DL常见超参及调整策略

学习率

constant learning rate会遇到的问题

  • Constant Learning Rate过大或者过小:

    • 最佳:model adjust weight in subsequent training loops to arrive at cost minima

    • 低learning rate ⇒ converge过慢:converge to cost minima but very slowly

    • 高learning rate ⇒ 震荡(miss the minima)、不能converge(随着loops不断提升)

    Large learning rate may allow the algorithm to come close to a good solution but will then oscillate around the point or even diverge

Learning rate schedule

解决constant learning rate的各种问题

1、 Decay functions⇒先快后慢

一般来说,我们希望在训练初期学习率大一些,使得网络收敛迅速,在训练后期学习率小一些,使得网络更好的收敛到最优解。

  • Start with a higher learning rate to explore the loss space => find a good starting values for the weights

  • Use smaller learning rates in later steps to converge to a minima => tune the weights slowly

Function:

t: number of iterations/epochs

  • multi-step:根据非均匀步长对学习率进行调整,每隔一定步数(或者epoch)就减少为原来的gamma分之一:\(\alpha_{t}=\frac{\alpha_{0}}{\gamma^{n}} \quad \text { at step } \mathrm{n}\) 表示在第n次减少的时候reduce it by factor of \(\frac{1}{\gamma^{n}}\)

    • 例1:

      # 使用固定步长衰减依旧先定义优化器
      optimizer_StepLR = torch.optim.SGD(net.parameters(), lr=0.1)
      # 再给优化器绑定StepLR对象
      StepLR = torch.optim.lr_scheduler.StepLR(optimizer_StepLR, step_size=step_size, gamma=0.65)
      
      • 其中gamma参数表示衰减的程度,step_size参数表示每隔多少个step进行一次学习率调整,下面对比了不同gamma值下的学习率变化情况: img

    • 例2:Alexnet中的learningrate


      Link:在每10、15、25、30的时候把原先的学习率乘个0.1

      model = ANet(classes=5)     #加载模型
      optimizer = optim.SGD(params = model.parameters(), lr=0.05)   #优化方法使用SGD
      #在指定的epoch值,如[10,15,25,30]处对学习率进行衰减,lr = lr * gamma
      scheduler = lr_scheduler.MultiStepLR(optimizer, milestones=[10,15,25,30], gamma=0.1)
      
  • inverse: \(\alpha_{t}=\frac{\alpha_{0}}{1+\gamma \cdot t}\)
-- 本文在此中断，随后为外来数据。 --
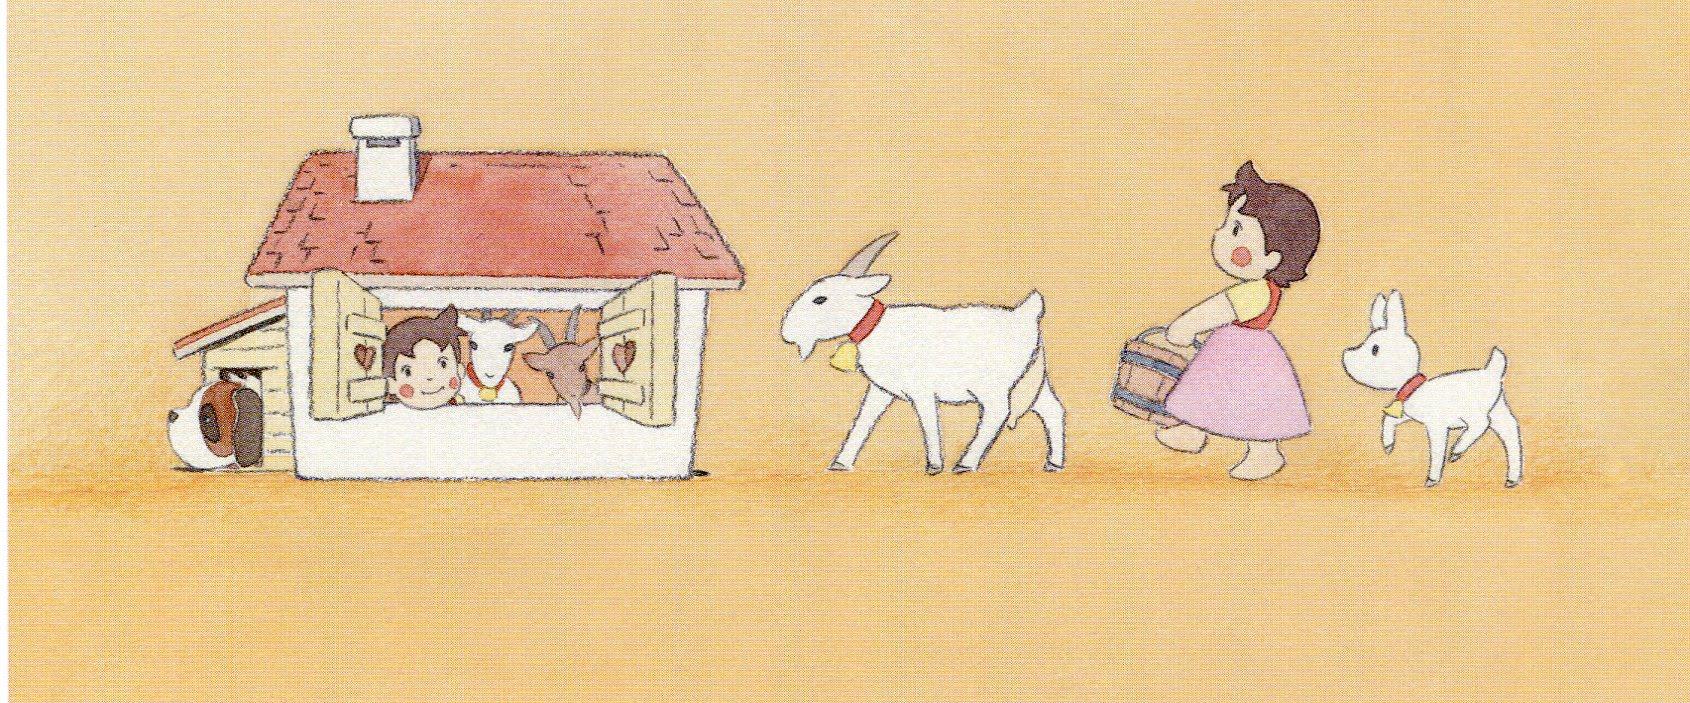 猫アリーナ 小田部羊一が描くアルプスの少女ハイジの世界展 丸善
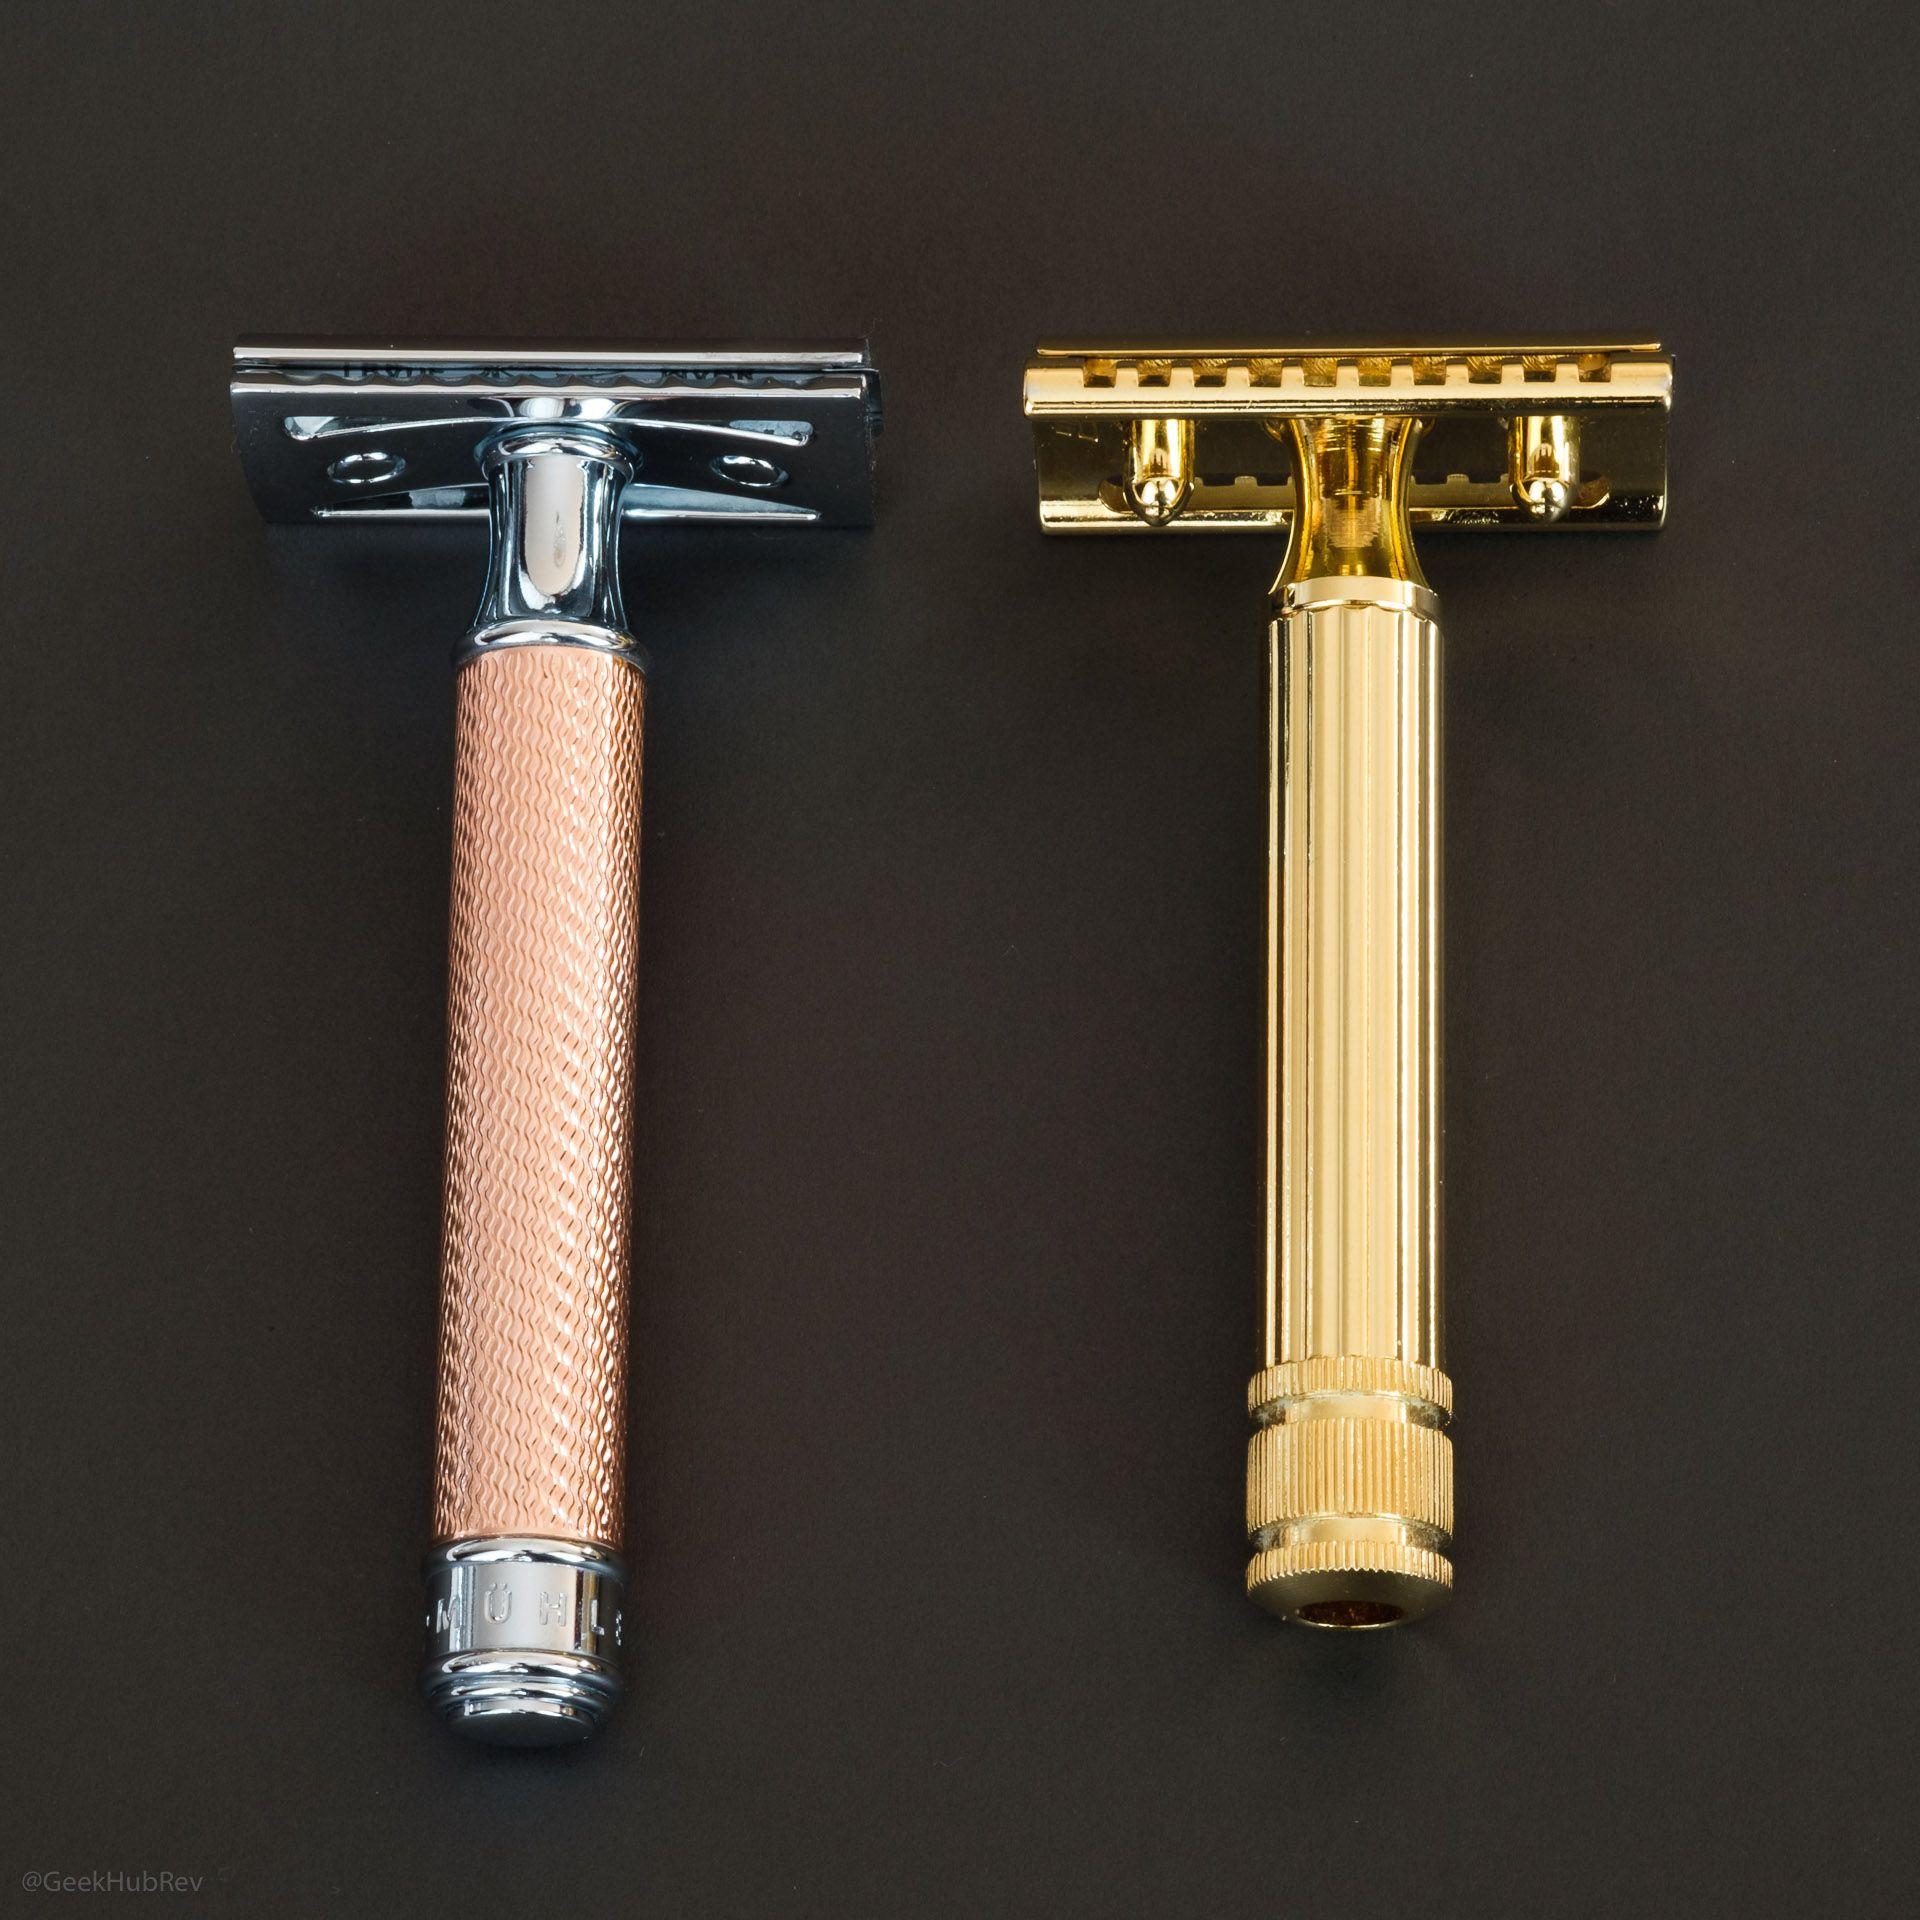 Porównanie maszynki Fatip Testina Gentile Grande Gold z Mühle R89 Rosegold

  • Exponential 指数衰减: \(\alpha_{t}=\alpha_{0} \exp (-\gamma \cdot t)\)

    # 首先需要确定需要针对哪个优化器执行学习率动态调整策略,也就是首先定义一个优化器
    optimizer_ExpLR = torch.optim.SGD(net.parameters(), lr=0.1)
    
    # 定义好优化器以后,就可以给这个优化器绑定一个指数衰减学习率控制器
    ExpLR = torch.optim.lr_scheduler.ExponentialLR(optimizer_ExpLR, gamma=0.98)
    
    • 其中参数gamma表示衰减的底数,选择不同的gamma值可以获得幅度不同的衰减曲线,如下:

  • polynomial: \(\alpha_{t}=\alpha_{0}\left(1-\frac{t}{\max_{t}}\right)^{n}\)

    • \(\mathrm{n}=1\) gives linear

2、Cyclical Learning Rate

Idea is to have learning rate continuously change in cyclical manner with alternate increase and decrease phases

  • 意义:比如说我们到一个local minimum之后 gradient很低,比如到了一个很平的地方,并不是一个good minimum,这个时候通过提升learning rate我们还有probability可以escape it

  • 余弦退火衰减:严格的说,余弦退火策略不应该算是学习率衰减策略,因为它使得学习率按照周期变化,其定义方式如下:

    optimizer_CosineLR = torch.optim.SGD(net.parameters(), lr=0.1)
    CosineLR = torch.optim.lr_scheduler.CosineAnnealingLR(optimizer_CosineLR, T_max=150, eta_min=0)
    
    • 参数T_max表示余弦函数周期;eta_min表示学习率的最小值,默认它是0表示学习率至少为正值。下图展示了不同周期下的余弦学习率更新曲线:

3、WarmUp

warmup 需要在训练最初使用较小的学习率来启动,并很快切换到大学习率而后进行常见的衰减decay。

这是因为,刚开始模型对数据的“分布”理解为零,或者是说“均匀分布”(当然这取决于你的初始化);在第一轮训练的时候,每个数据点对模型来说都是新的,模型会很快地进行数据分布修正,如果这时候学习率就很大,极有可能导致开始的时候就对该数据过拟合,后面要通过多轮训练才能拉回来,浪费时间。当训练了一段时间(比如两轮、三轮)后,模型已经对每个数据点看过几遍了,或者说对当前的batch而言有了一些正确的先验,较大的学习率就不那么容易会使模型学偏,所以可以适当调大学习率。这个过程就可以看做是warmup。那么为什么之后还要decay呢?当模型训到一定阶段后(比如十个epoch),模型的分布就已经比较固定了,或者说能学到的新东西就比较少了。如果还沿用较大的学习率,就会破坏这种稳定性,用我们通常的话说,就是已经接近loss的local optimal了,为了靠近这个point,我们就要慢慢来。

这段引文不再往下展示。